Искупление (страница 5)
– Я заберу Милли с собой прямо сейчас, если она поедет. Алек, дорогой, поднимись в спальню и приведи ее. Тогда мы вернемся домой как раз к чаю.
Но Алек, спустившись, сообщил, что Милли заснула и просила прислугу передать, чтобы ее не беспокоили.
– Не понимаю, как можно сейчас спать, – пробормотала жена Джорджа.
– Бедное дитя! Пусть поспит, ей это нужно, – сказала старая миссис Ботт и прибавила: – Значит, завтра. – Когда Алек и Фред вывели ее из дома и бережно усадили в автомобиль, дама спросила: – Алек, дорогой, ты мог бы завезти ее ко мне по пути в Сити?
Однако на следующий день, когда делегация из братьев Ботт явилась на Мандевилл-Парк-роуд, чтобы рассказать Милли о принятом решении и объяснить, что это не просто наилучший, а единственно возможный выход и что она не может оставаться в доме, поскольку в любую минуту его могут продать, они обнаружили, что вдова уехала рано утром, еще до завтрака, и никто не знает куда.
Глава 3
Милли грешна, вот уж целых десять лет как.
Подозрения золовок и невесток, сомнения деверей и зятьев были вполне справедливыми: она обманывала Боттов и все эти годы была неверна Эрнесту.
Началось все совершенно случайно. Ведь это чистая случайность, думала Милли, оглядываясь назад и возвращаясь мыслями к самому началу; теперь она понимала это с ужасающей ясностью, которая есть не что иное, как ступень осознания. Пустячные мелочи потянули за собой всю цепь событий. Приди она пятью минутами раньше или позже, и никогда бы не встретила Артура. Пропущенный поезд, медлительный шофер такси, даже минутная заминка во дворе, чтобы посмотреть на голубей, или, возможно, капелька благопристойной сдержанности могли бы ее спасти. Но, увы, Милли успела на поезд, такси мчалось быстро, голуби ее не интересовали, и она переступила порог вовремя, чтобы там, в Британском музее, в галерее, где стоят бюсты римских императоров, встретить Артура Озуэстри, с кем и согрешила.
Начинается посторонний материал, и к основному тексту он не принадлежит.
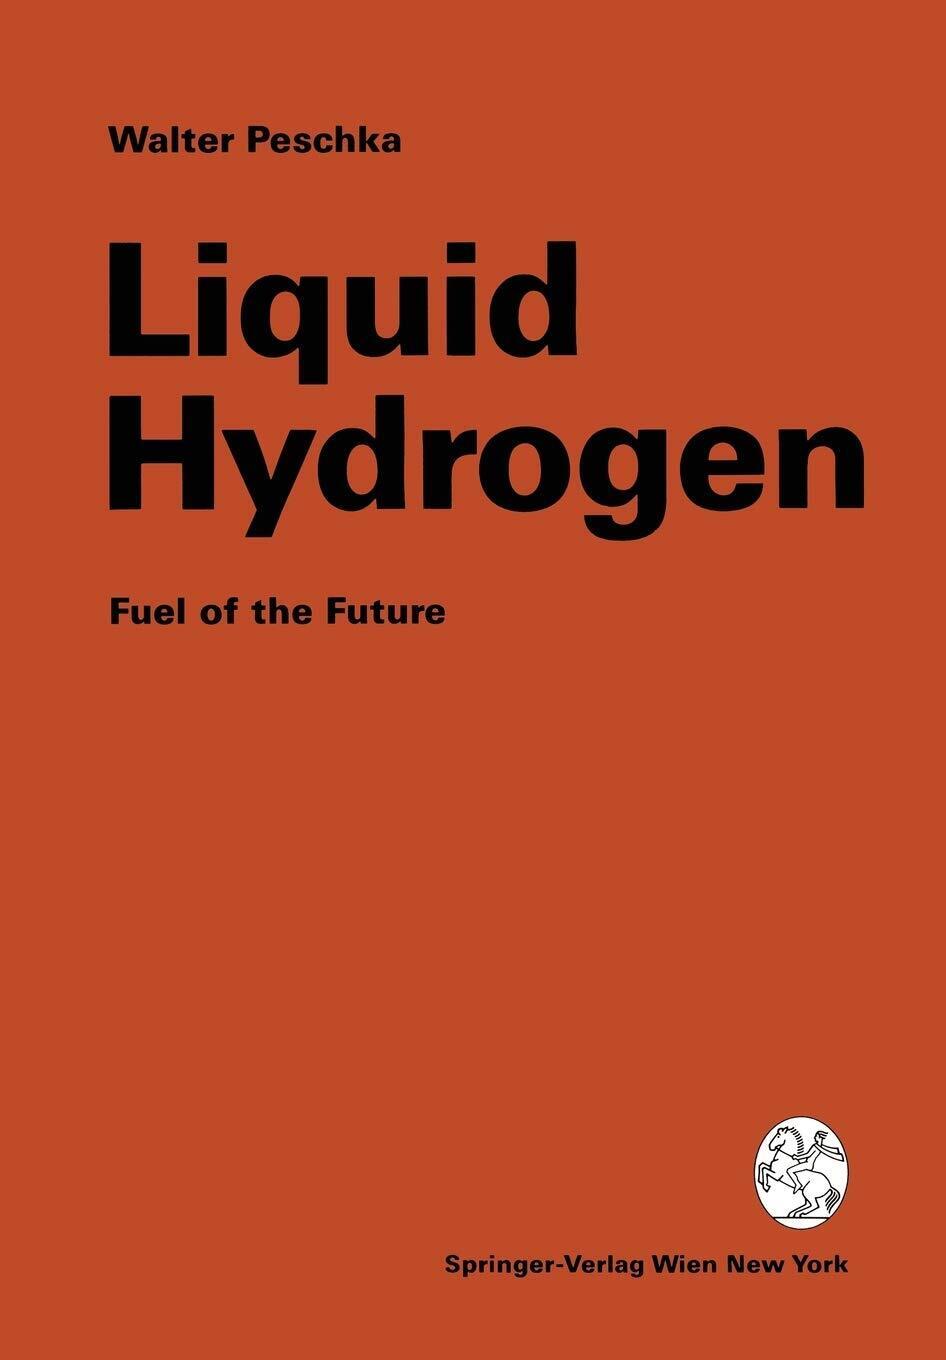 Liquid Hydrogen - Walter Peschka - Springer, 2012

Да, в конце концов грех случился. Долгое время они даже не помышляли, что все идет к этому. Милли обнаружила, что грех подкрадывается незаметно и бесшумно следует за ней, хотя довольно долго сохраняет личину благообразия. Они неделями встречались, прежде чем это действительно произошло, – встречались там же, в Британском музее, потом в Национальной галерее, в чайных, в парках, а однажды даже в Вестминстерском аббатстве, что казалось теперь особенно греховным. Недели проходили в беседах, приятных, утешительных, озарявших ее дни, совсем непохожих на разговоры в Титфорде; за ними последовали недели сомнений, боязливой дрожи, вспышек румянца, когда она возвращалась домой и безмятежный взгляд Эрнеста задерживался на ней дольше обычного. Она вздрагивала, если муж вдруг заговаривал с ней, а какими грязными, презренными казались ей теперь их жалкие соития! Потом наступили недели, полные нестерпимого желания отгородиться от Боттов, освободиться от всех обязательств, а за ними пришло время отвращения и острой жажды, недели мучительных попыток следовать долгу, избегать Артура, не видеть его, забыть, стереть из своей жизни. Да, прошло много времени, и все же в конечном счете грехопадение произошло, они вступили в пору счастья, полного сомнений, в пору бесконечного нетерпеливого предвкушения и вечных несбывшихся ожиданий, в пору чудесных грез, когда они были в разлуке, и острых, как лезвие бритвы, чувств, когда были вместе. И всегда их преследовал безумный страх: страх, что их разоблачат, – и этот страх придавал остроты их страстной любви, запретной страстной любви, иными словами – греху. Милли знала это с самого начала, а теперь осознала снова, и это ее ошеломило.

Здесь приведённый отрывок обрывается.